Das Gleiche gilt für Rückstände von Medikamenten, die gesundheitsschädlich sind. Daher hat das Umweltbundesamt mehrfach gefordert, dass die Quellen geschlossen werden. Deshalb wird es zum Teil keinesfalls als unbedenklich bezeichnet, Quellwasser zu kaufen, indem zudem Verunreinigungen durch Bakterien und Keime nachgewiesen werden konnten. Osmosewasser ist die sichere Alternative, da sich auch im normalen Leitungswasser Unmengen an Schadstoffen befinden. Ein weiterer Vorteil von Osmosewasser ist neben der deutlichen Kostenersparnis gegenüber teuren Quellwässern, dass die CO2-Belastung der Umwelt verhindert wird, denn das Wasser muss nicht mit dem LKW, Auto oder Schiff transportiert werden.

Einsatzgebiete von Osmosewasser

  • Basis von anderen Getränken, beispielsweise Kaffee, Tee und Schorlen
  • Speisen
  • Das Wasser für die Zubereitung von Babynahrung muss nicht abgekocht werden, sondern kann aus der Leitung verwendet werden.
  • für das Aquarium, da die Fische von einer besseren Gesundheit profitieren (viele Fischarten benötigen das reine Wasser zur Lebenserhaltung.
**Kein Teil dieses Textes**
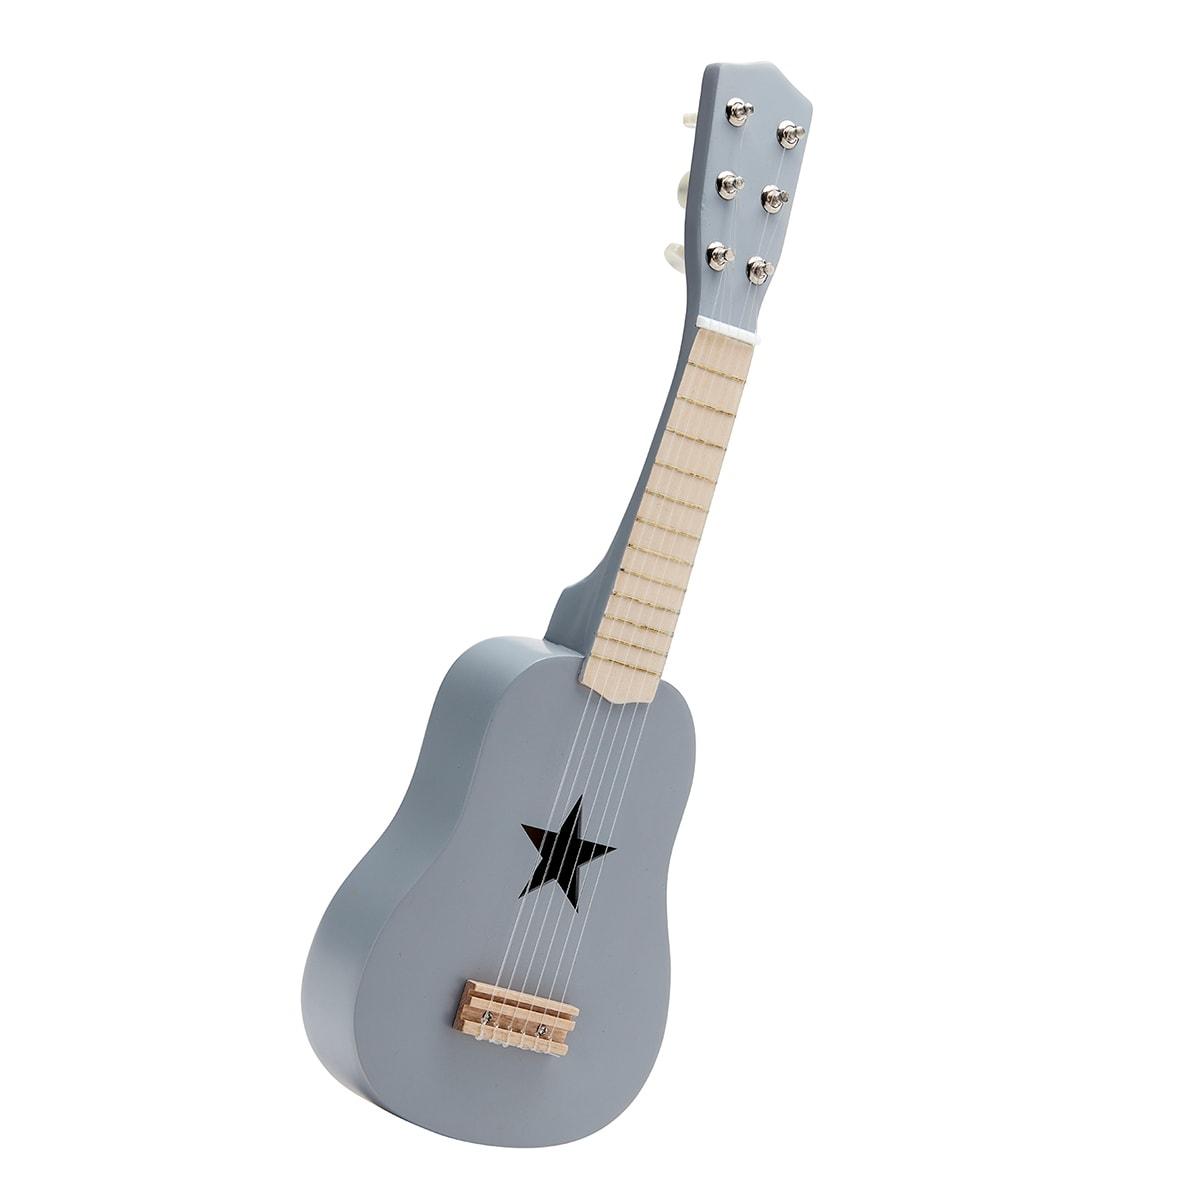 Fin guitar med 6 strenge og sød stjerne i midten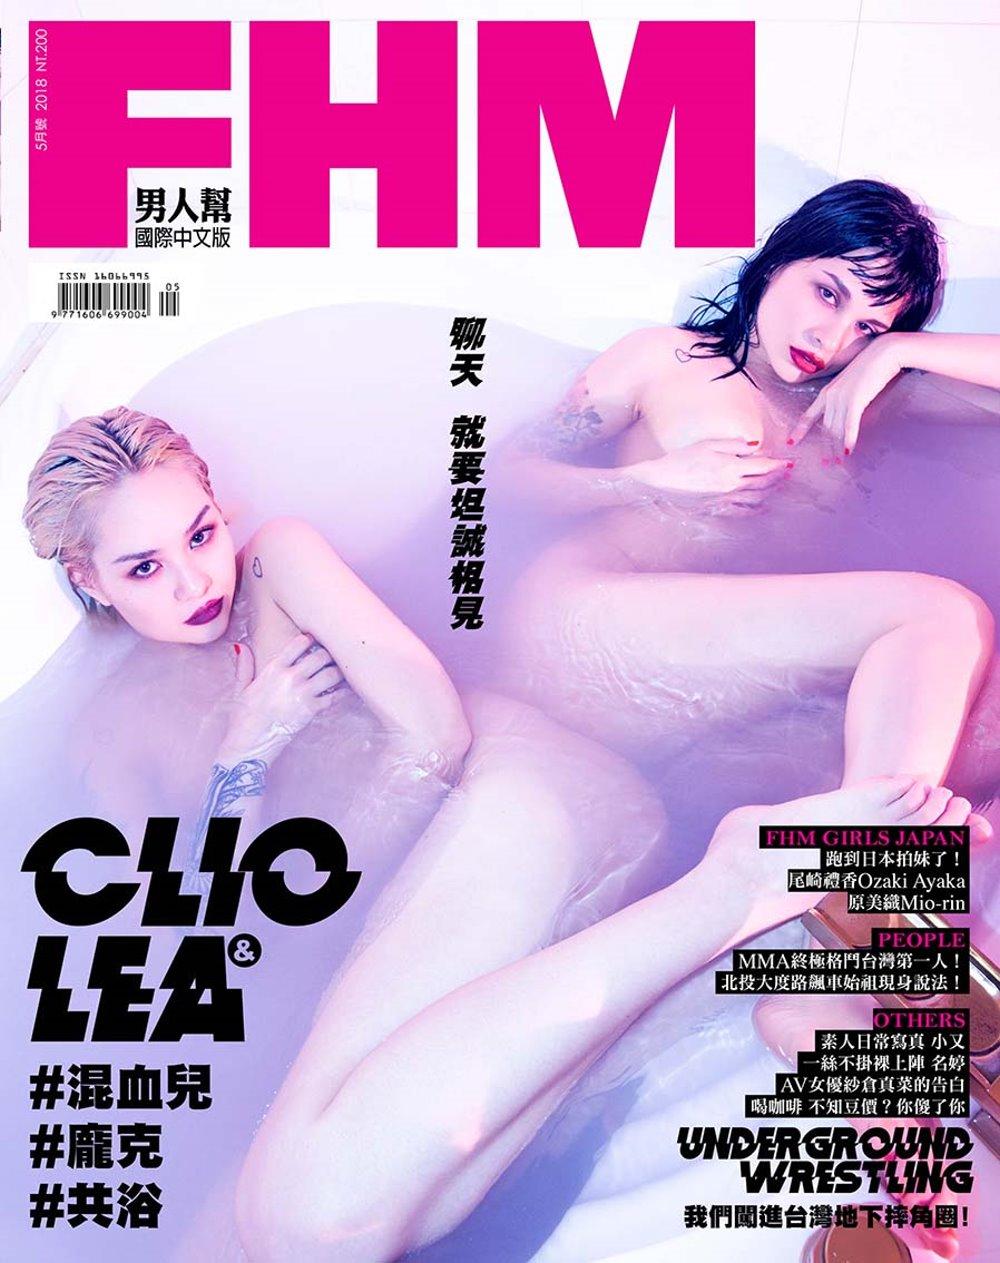 FHM 男人幫國際中文版 5月號/2018 第215期

Zudem wird der erforderliche Wasserwechsel reduziert.)
  • Haar- und Körperpflege
  • Fensterreinigung und Auto-Scheibenwischanlagen, da das Osmosewasser fleckenfrei trocknet, denn es ist kein Kalk enthalten (somit auch für Küchengeräte, Kaffeemaschinen, Dampfbügeleisen usw. geeignet)
  • zum Gießen der Pflanzen

Fazit

Wer wirklich sauberes und reines Wasser trinken möchte, sollte sich für Osmosewasser entscheiden, da die Umkehrosmose derzeit das zuverlässigste Verfahren ist, um solch ein reines und zu 100 % kalkfreies Wasser ganz bequem zu Hause herzustellen. Die modernen Anlagen können bis zu 99,9 Prozent der unerwünschten und schädlichen Stoffe aus dem Leitungswasser filtern.